Restrictive cardiomyopathy in a patient with primary hyperoxaluria type II

Abstract

This is the first report of a cardiac manifestation of a primary hyperoxaluria type II (PH II) with the hemodynamic characteristics of a severe restrictive cardiomyopathy. PH II is a rare inherited metabolic disease characterized by a deficiency of D-glycerate dehydrogenase, which has also glyoxylate reductase activity.
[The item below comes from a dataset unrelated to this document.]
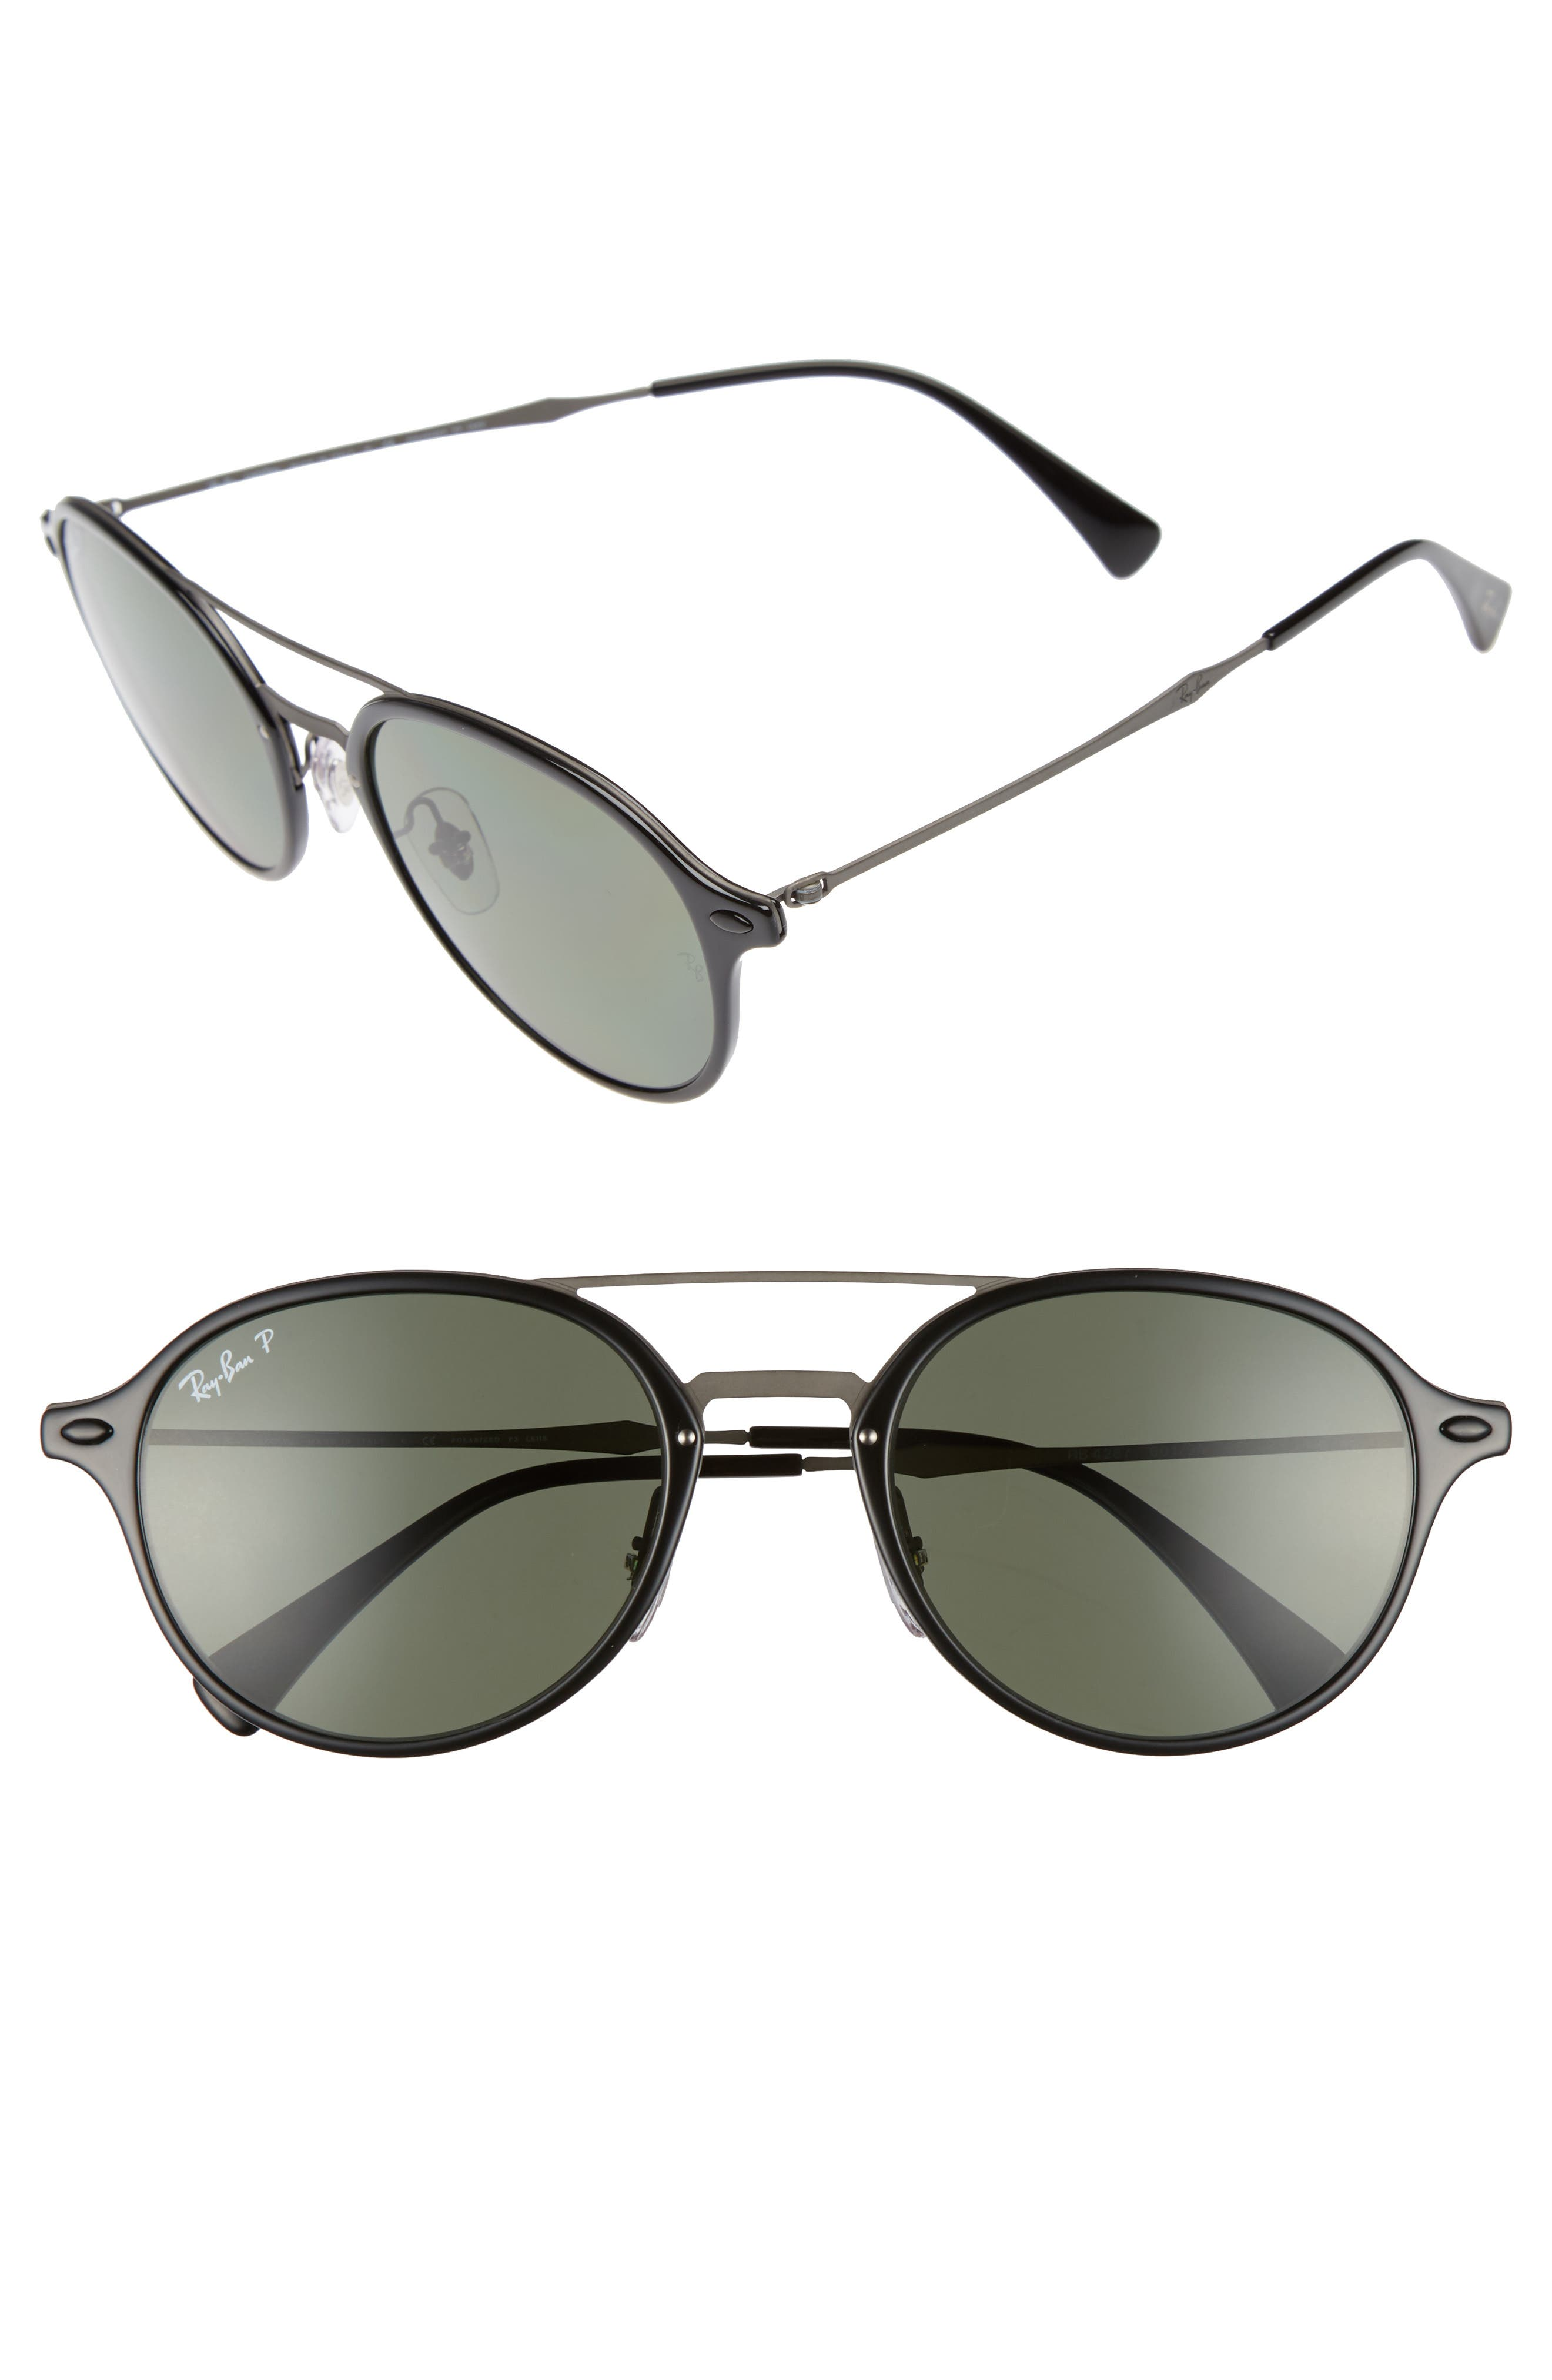 55mm Aviator Sunglasses,                         Main,                         color, 001

This defect causes an accumulation of hydroxypyruvate the precursor of oxalate. The renal excretion of oxalate is impaired causing a deposition of oxalate mainly in the kidneys. To date, less than fifty cases have been reported. Systemic oxalosis in PH II is an occasional finding; thus far, myocardial oxalosis due to PH II has never been reported. Described is the case of a 41 year old male with renal failure and severe neuropathy of unknown cause, who underwent endomyocardial biopsy under the suspicion of cardiac amyloidosis. Echocardiography and cardiac catheterization showed a severe restrictive cardiomyopathy; endomyocardial biopsy established the diagnosis of oxalosis. Plasma oxalate levels were markedly increased, therefore a liver biopsy was performed. Immunoreactivity for D-glycerate dehydrogenase/ glyoxylate reductase was absent and activity of the enzyme was < 5% of normal. In summary, these findings established the diagnosis of a restrictive cardiomyopathy due to PH II.